Bizans'ın asıl varisi olarak Batı Anadolu'da, İznik (Nicaea) merkezli bir devlet kurulmuştu. I. Theodoros Laskaris tarafından kurulan bu devlet, sadece bir sürgün hükümeti değil, aynı zamanda kültürel bir Rönesans merkezi olmuştu. İşte İznik bu yüzden de önemli bir yerdi.

Konstantinopolis'in geri alınışı, büyük bir kuşatmadan ziyade şaşırtıcı bir tesadüf ve Venedik'in ihmali sonucu gerçekleşti. Latin askerler bir başka yere sefere gidip şehir savunmasız kalınca İznik’te bulunan

VIII. Mihail, Altın Kapı'dan şehre girerek Ayasofya'da taç giydi.
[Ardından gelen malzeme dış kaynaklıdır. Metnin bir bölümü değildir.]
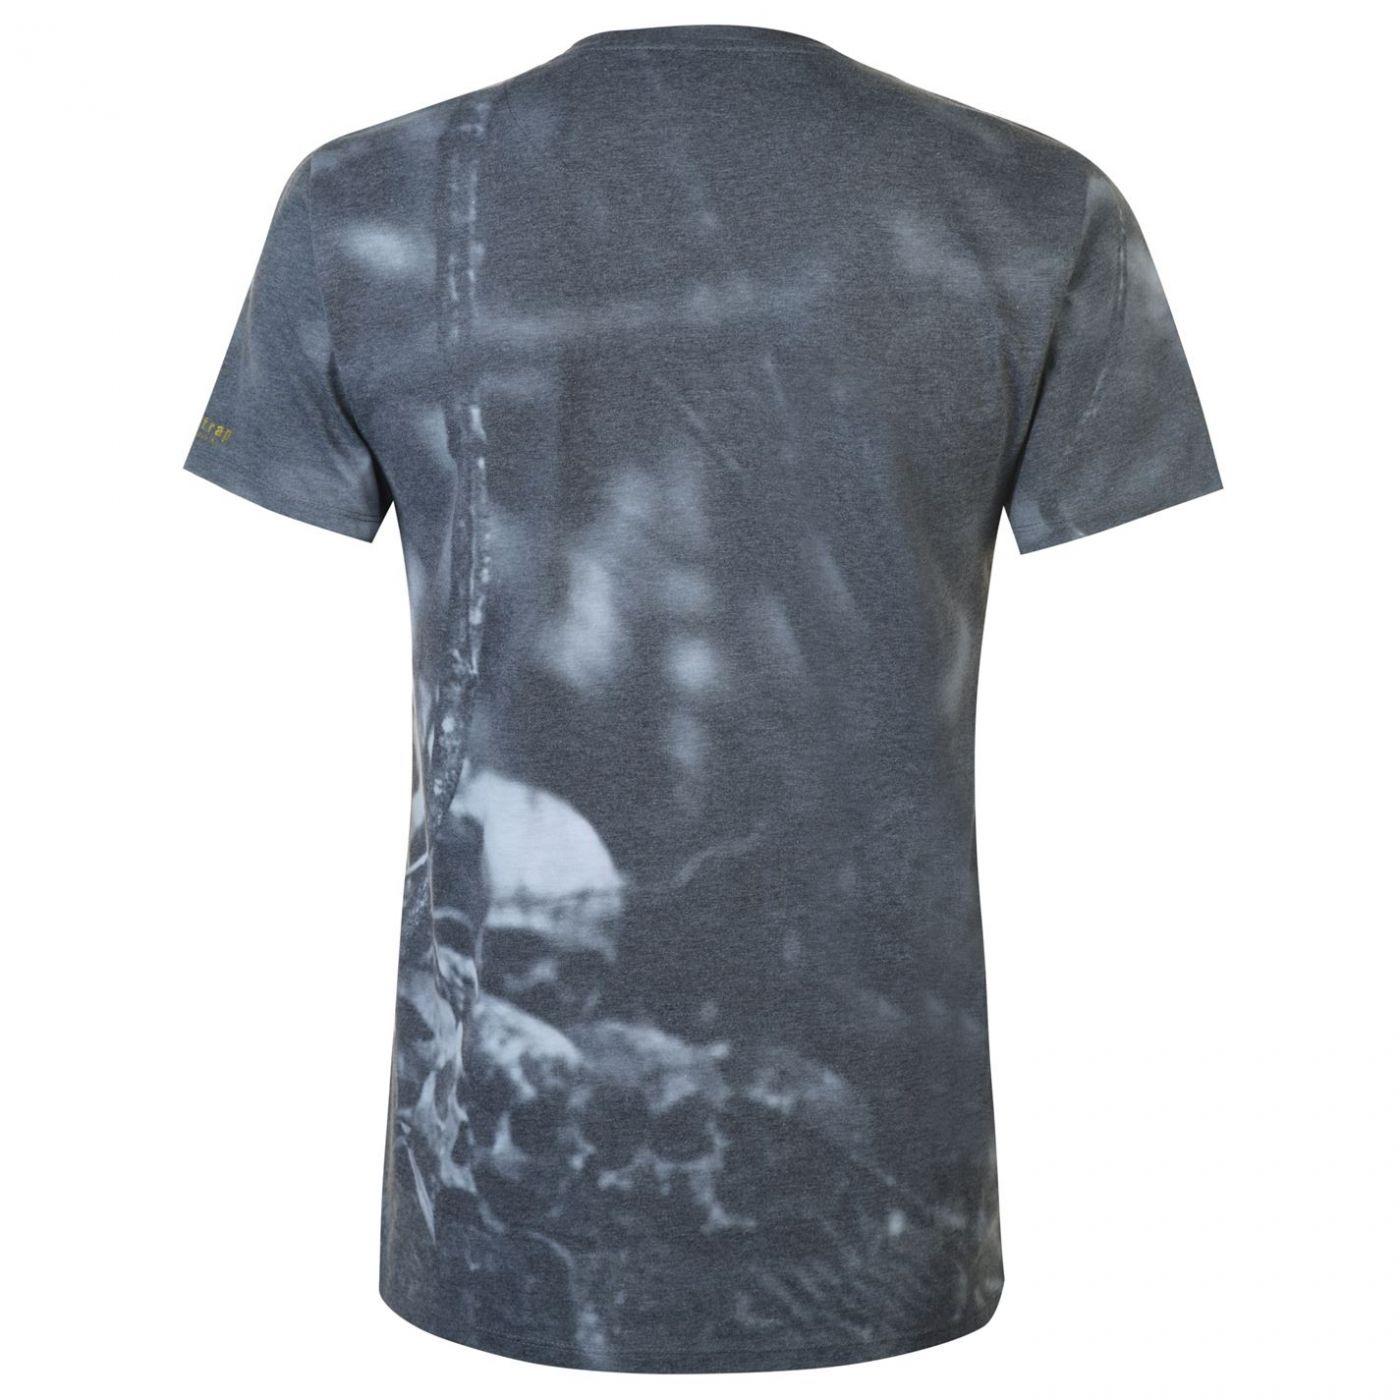 Firetrap Blackseal Sub Skull T Shirt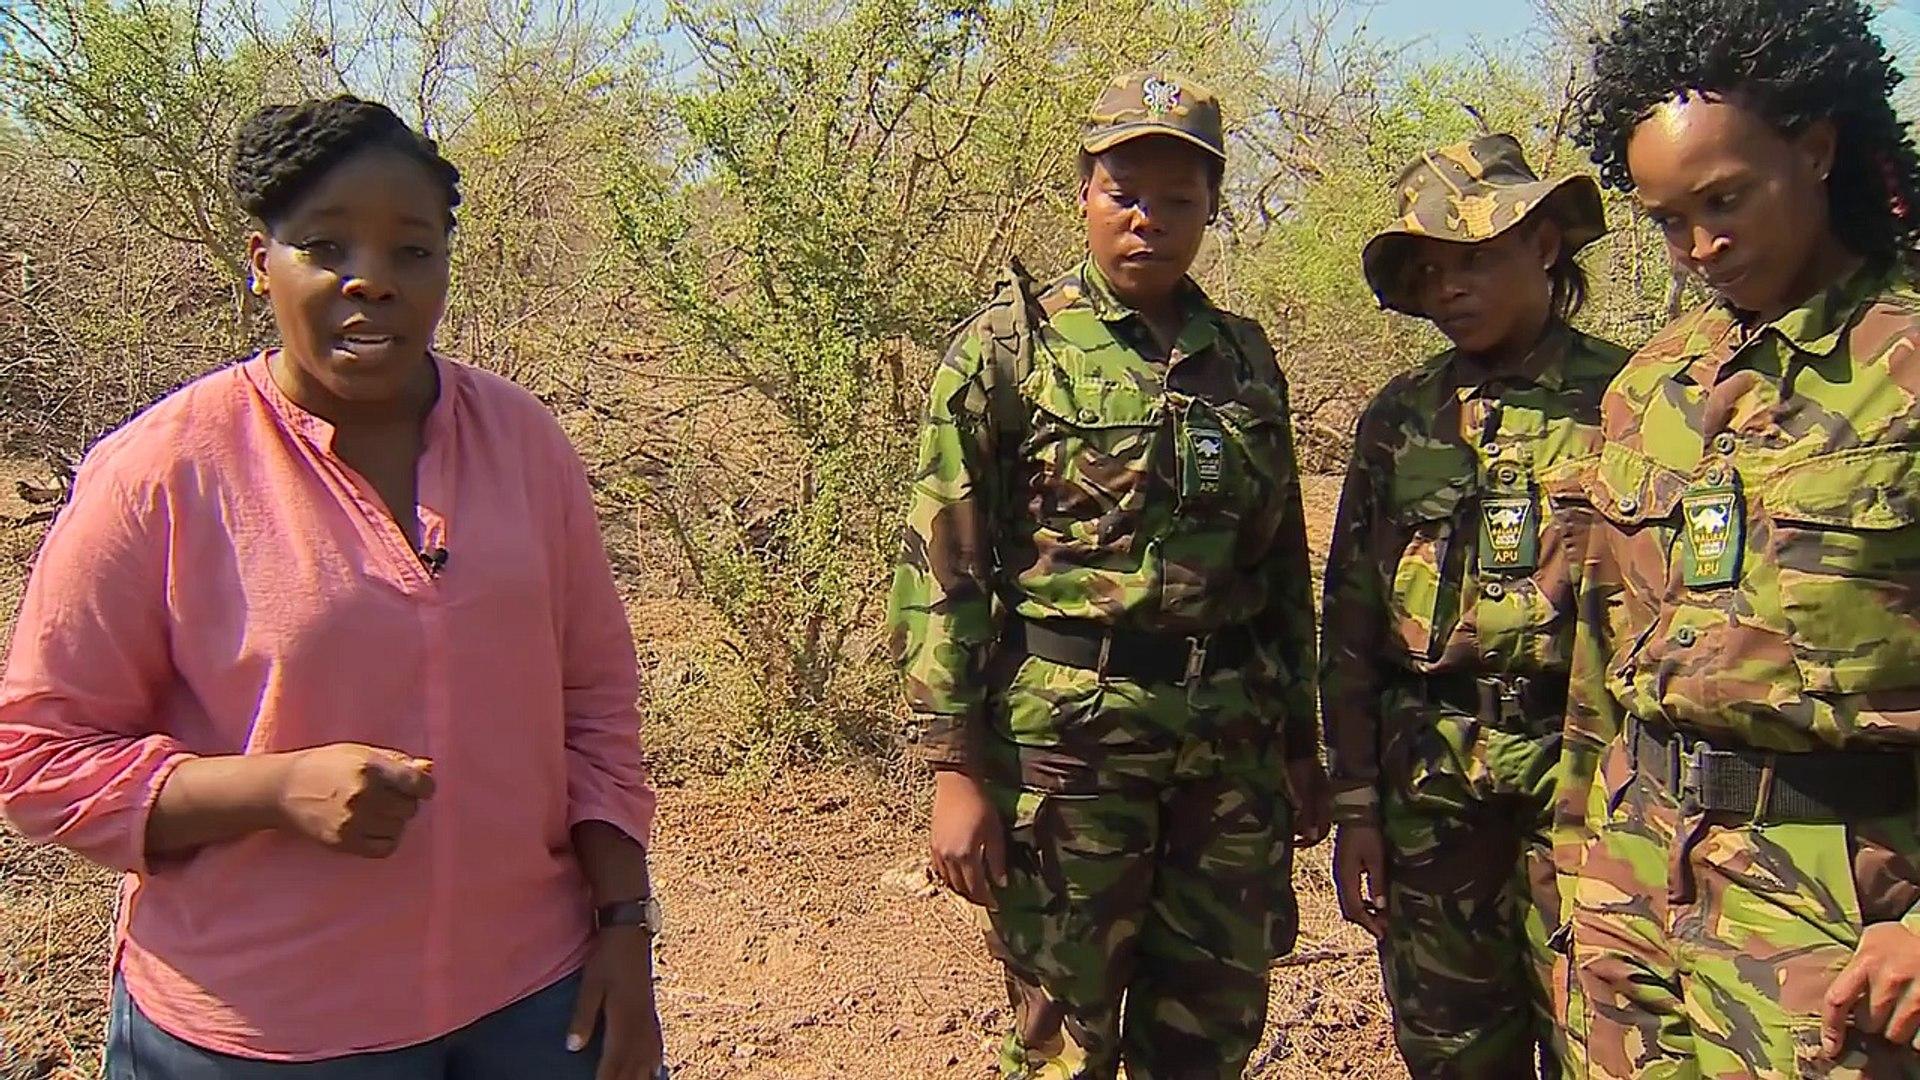 Extinction warning for Africas rhinos - BBC News

Geri alınan şehir harabe halindeydi. Nüfus 35.000'e düşmüş, saraylar yıkılmıştı.

Bu tartışmalar uzadı uzadı. Kent Osmanlı tarafından fethedildi. Ancak mezhepler arasındaki sorun devam etti. Ta ki 1965’e kadar. Bu tarihte taraflar karşılıklı aforozları kaldırdı. Ve ilişkilerdeki en somut iyileşme, 1204'ün 800. yıl dönümünde gerçekleşmişti. Papa 2. John Paul, Patrik I. Bartholomeos'un ziyareti sırasında 1204 olayları için derin üzüntülerini dile getirdi ve "Hristiyanların inanç kardeşlerine karşı silaha sarılmasının trajik olduğunu" belirterek zımni bir özür diledi. Patrik Bartholomeos bu özrü, "Uzlaşma ruhu nefretten güçlüdür" diyerek kabul etti.

Ve şimdi iki önemli dini liderin birlikte İznik’i ziyaret etmesi işte böylesi bir arka plana sahip. Ve İznik bir kez daha tarihe tanıklık ediyor.